There's also a carver who works inside of Hilo Hattie's in Lahaina Town. His stuff is pretty good but I liked the other guy better.


[ Edited by: hanford_lemoore on 2003-06-22 18:23 ]


Cool that you found that Don the Beachcomber. I saw it too last time I was in Maui and I took some pics. Turns out, they're going to reopen it soon. Check out this thread for Pics and more info:



How much was the shipping for the three foot tiki that you bought?


The shipping was 100 bucks, although I could have wrapped it myself and took it on the plane with me as a piece of luggage (according to the carver), although it is damn heavy, I wonder if they would have accepted it. I decided not to do it beacuase it would have been a pain in the ass to wrap and get to the airport, and I was on vacation.

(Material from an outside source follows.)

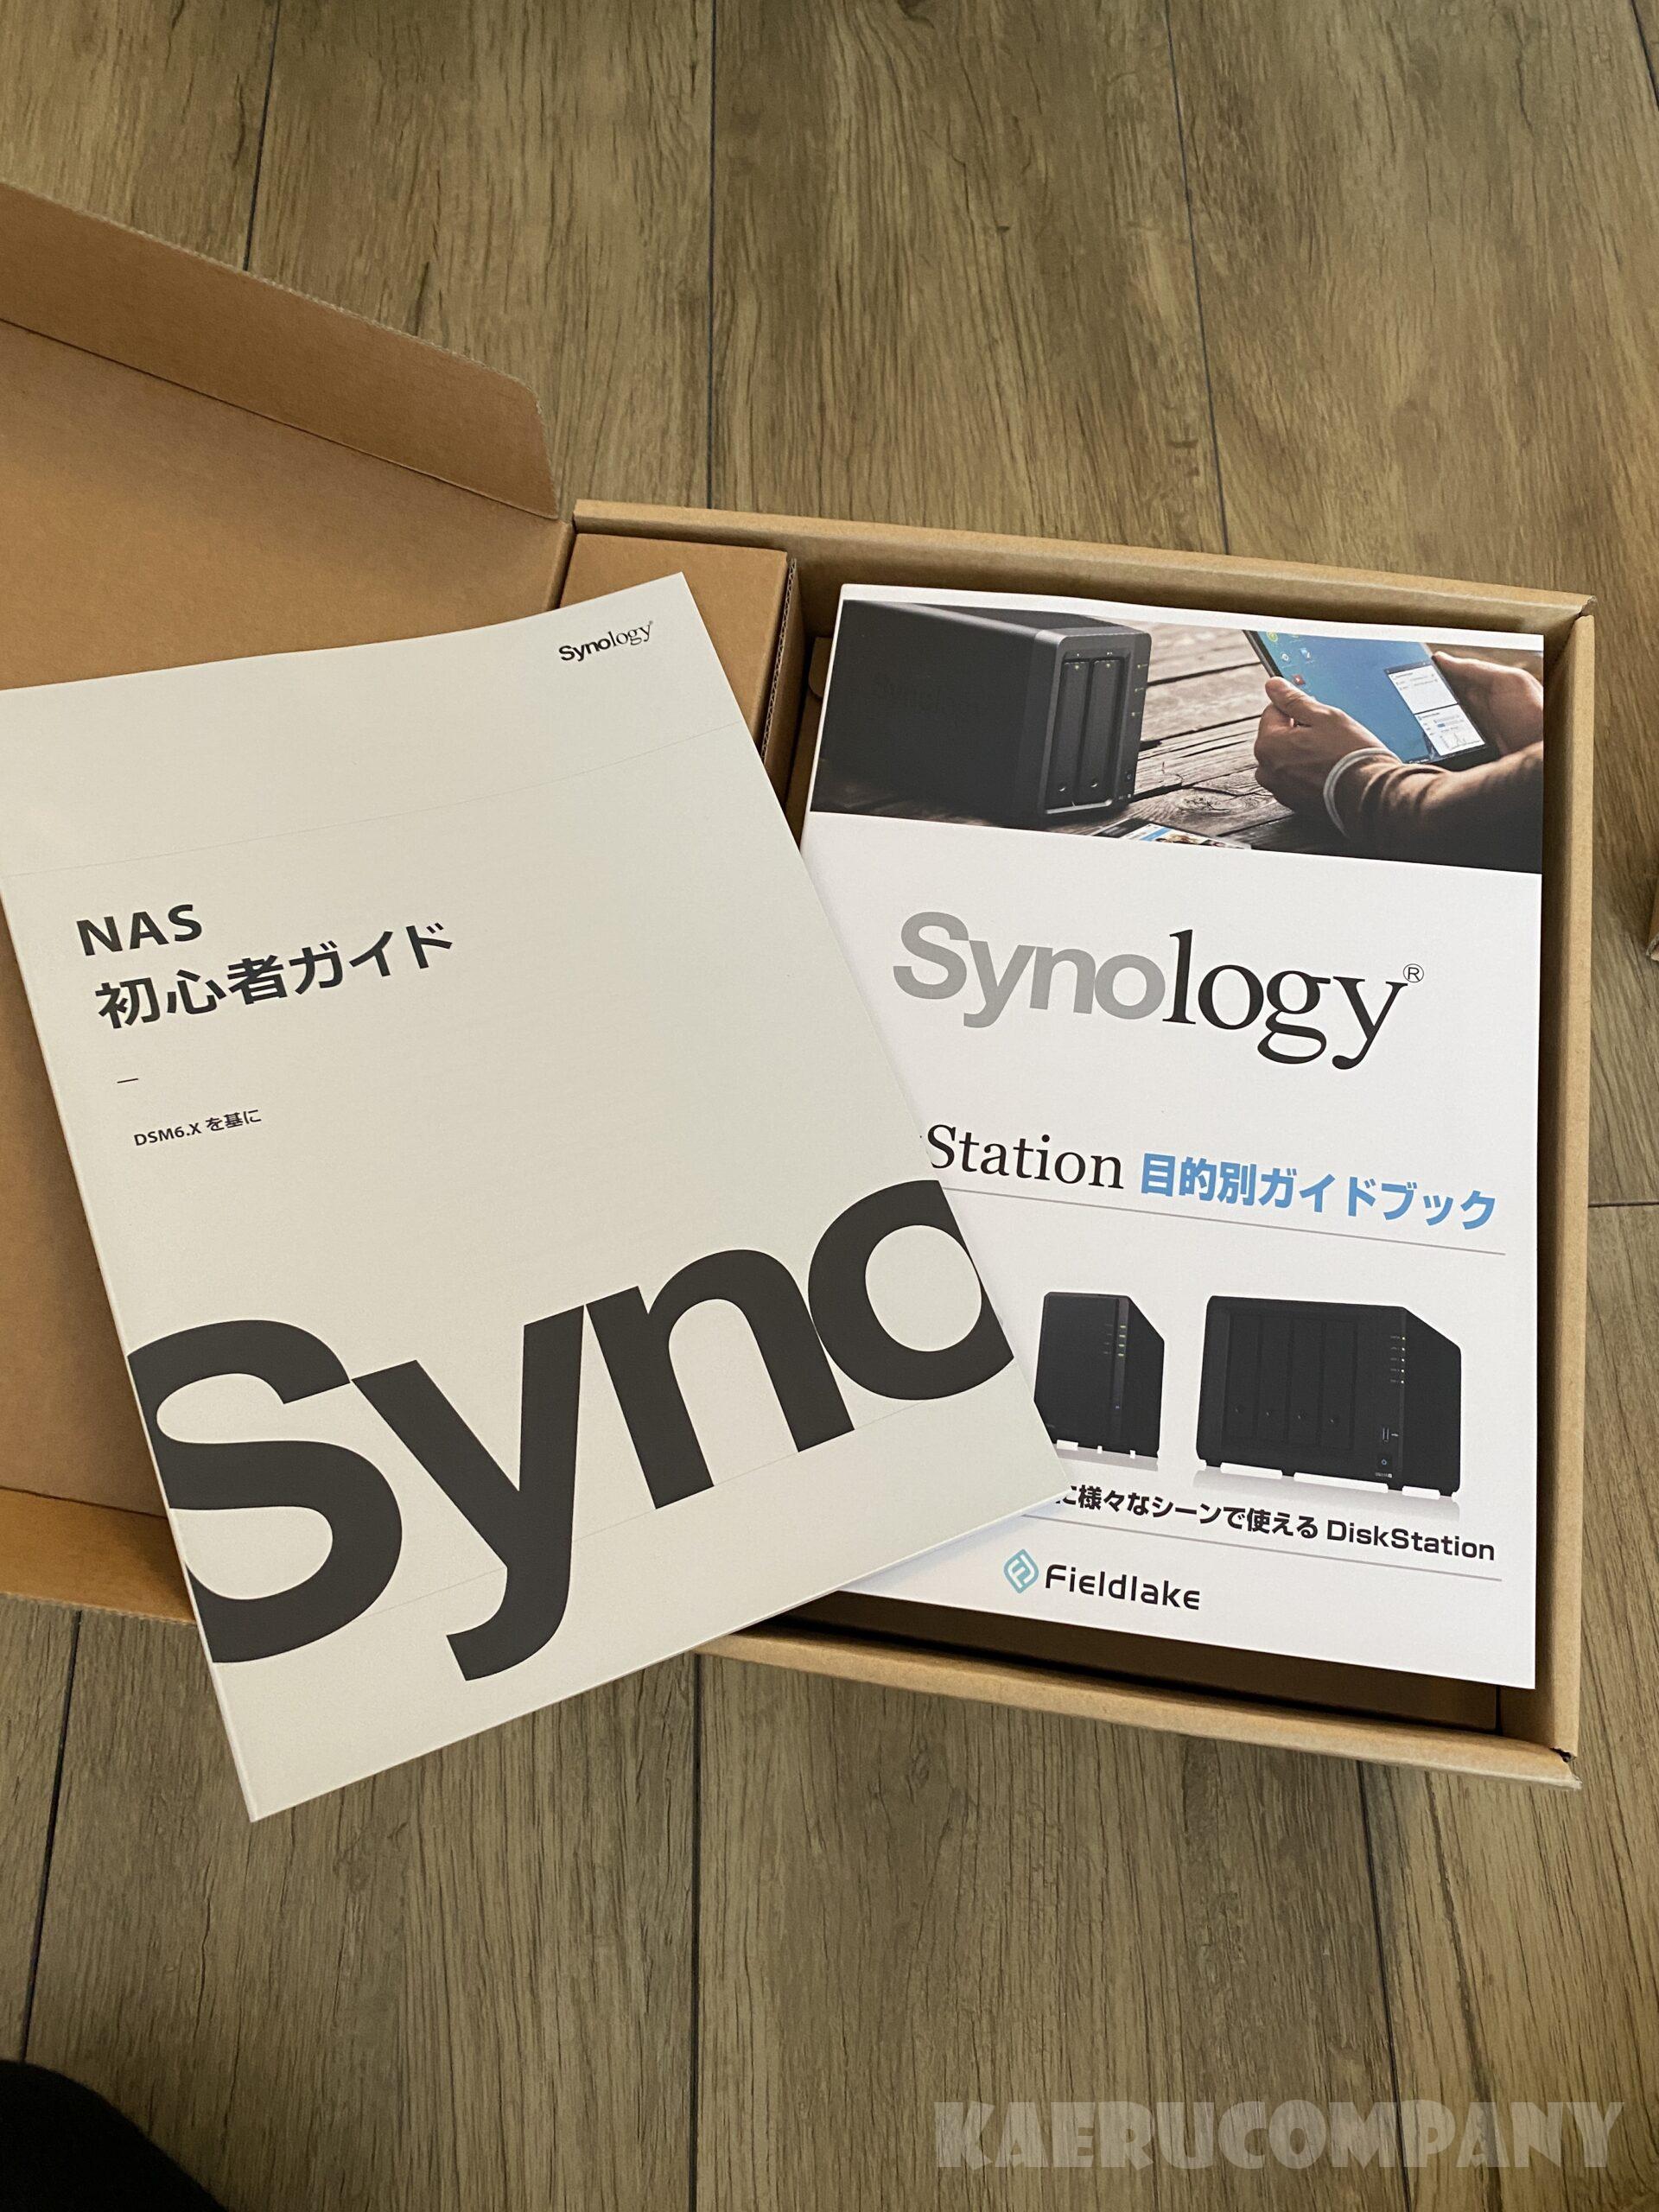 Synology DS220j NAS 日本語ガイドブック付

That was 100 bucks for shipping it from Hawaii to the San Francisco area, by the way.

Hey Hanford,

That's fantastic news about the Don the Beachcomber re-opening.I saw it as i checked in to the Hotel and freaked out. I jumped out of my car and ran to the door to find out it had closed down, i was gutted to say the least.I thought i'd discovered the long lost bar that had never closed.I spoke to a guy at the hotel who said the bar had opened and closed a few times over the years.Anyway the sign was there when i was in Maui in October 2002.
I think the carver that you bought the great two tone tiki from was at the front of a market place on the main street.I bought a few tikis from a guy ,i think his name was 'King Nonu' in the crafty market by the harbour area that mentioned.
Reckon the $100 you paid to ship your tiki back was a good deal, i dread to think what it would cost to ship to England.I paid over $300 to get a three foot tiki shipped from Florida a good few years ago.

That "Main" street on Maui is Front Street.

Yo, Dave from Jersey!

What exit?

Check out the Royal Hawaiian Shopping Center. Not a lot of folks go there because it's a mall, but upstairs you will find the Bishop's Museum store where you can purchase some cool koa items and other gifts. From there you can have a drink at the world famous Royal Hawaiian Mai Tai bar with spectacular views of Waikiki and Diamond Head (be sure to be out on da beach for sunset).

Now with your cool buzz head over to the International Marketplace. Hopefully, you catch some Tongan tiki carvers out in front and you pay homage to the former site of Trader Vic's.

Have fun and good mana!


The Bishop Museum gift shop was first-class. Of course, the museum was even better!